By Hai Jun Xu posted Thu October 26, 2023 01:10 AM

  

Co-Authors

Hai Jun Xu (xuhjbj@cn.ibm.com) - Developer for Instana Synthetic PoP

Jun Shi Wang (wjunshi@cn.ibm.com) - Developer for Instana Synthetic PoP

Li Jing Mu (lijingmu@cn.ibm.com) - Developer for nstana Synthetic PoP

Rong Zhu Shang (shangrz@cn.ibm.com) - Developer for Instana Synthetic PoP

Rui Yin (yinrui@cn.ibm.com) - Tech lead for Instana Synthetic

What is Synthetic PoP?

Instana Synthetic monitoring, also known as proactive monitoring, can simulate actions that a user takes on an application from different locations, and continuously monitors at a specific interval for performance characteristics such as availability and response time. Synthetic monitoring is built on Instana, and it seamlessly integrates  with other Instana capabilities. With the Synthetic monitoring features, you can create Synthetic tests to monitor an application.

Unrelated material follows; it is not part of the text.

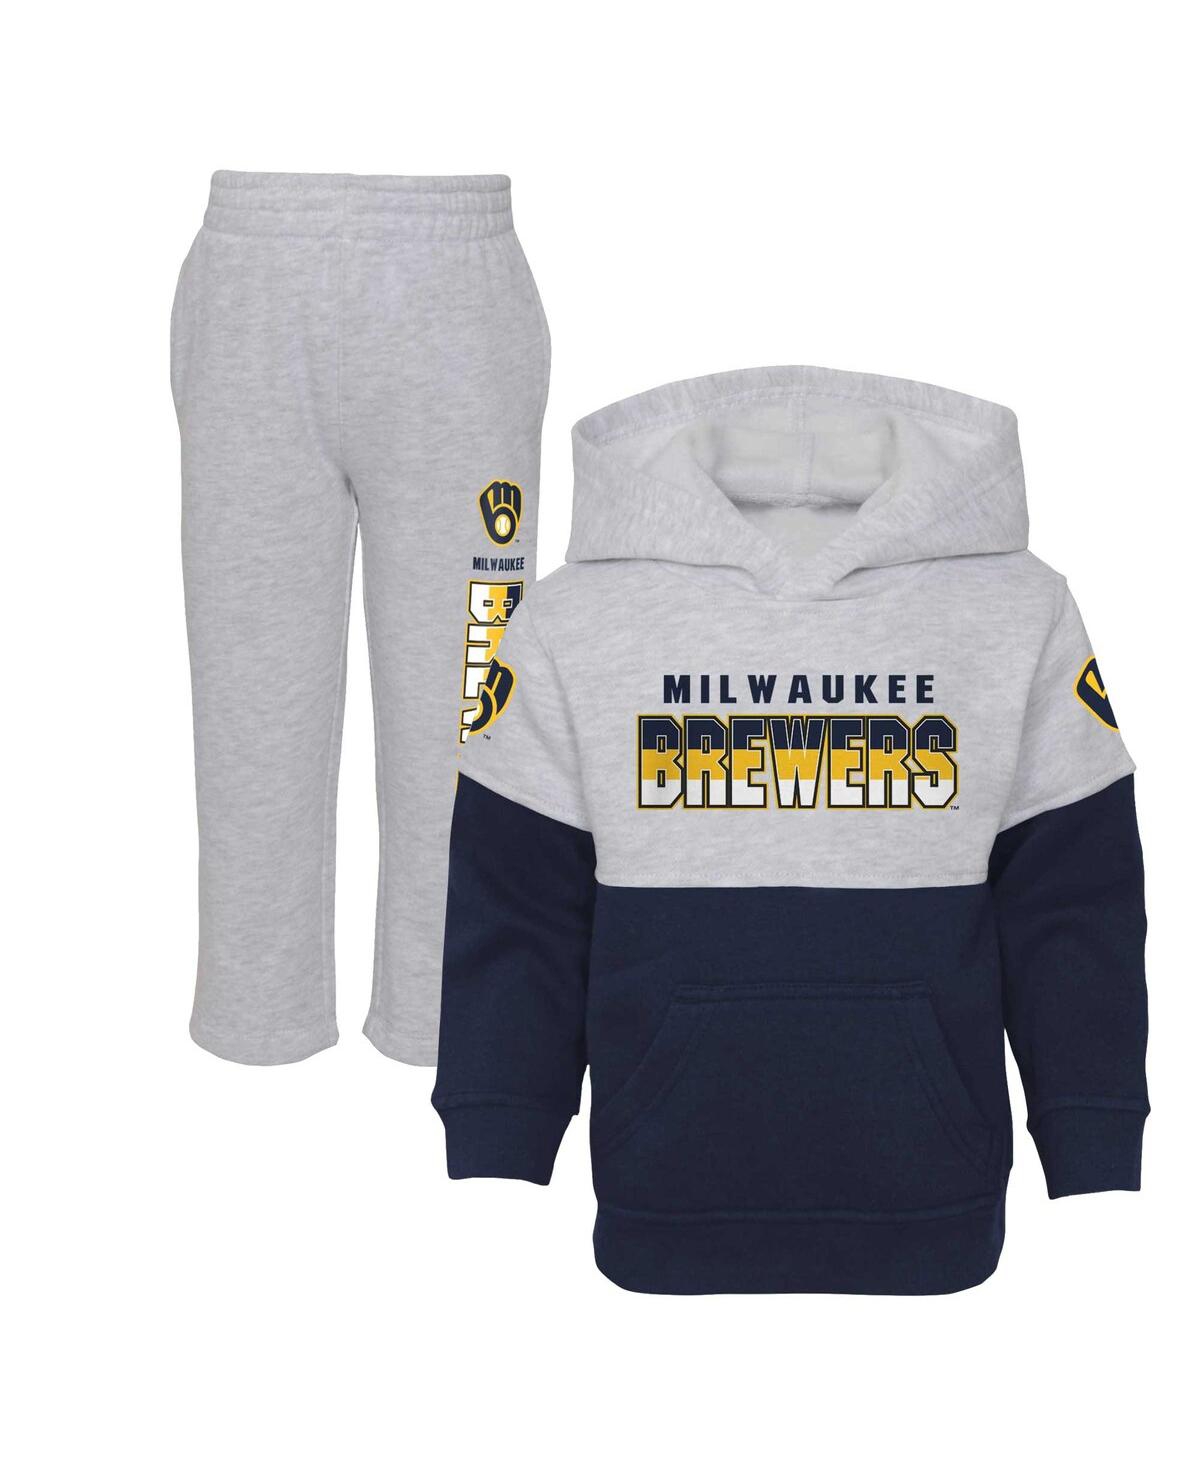 Outerstuff Babies' Toddler Boys And Girls Navy And Heather Gray Milwaukee Brewers Two-piece Playmaker Set In Navy,heather Gray

Instana Synthetic PoP (Point of Presence) is the agent in which the Synthetic tests are running on.

Synthetic PoP is a cloud-native application that consists of Synthetic PoP controller, Redis, HTTP playback engine, JavaScript playback engine, and Browser playback engine.

 Different Synthetic tests will trigger some synthetic PoP playback engines overloading. Therefore, there is a need to find an auto scaling solution to better manage the Synthetic PoP.

HPA and its limitations

Currently, Horizontal Pod Autoscaler (HPA) on Kubernetes only reacts to resource-based metrics such as CPU, memory usage, or custom metrics. However, using resource-based metrics has some limitations:

1)Too many pods are scaled up 

Because different synthetic tests are dynamic consuming the resources, if HPA is based on the CPU or Memory usage, there will be a waste of resources.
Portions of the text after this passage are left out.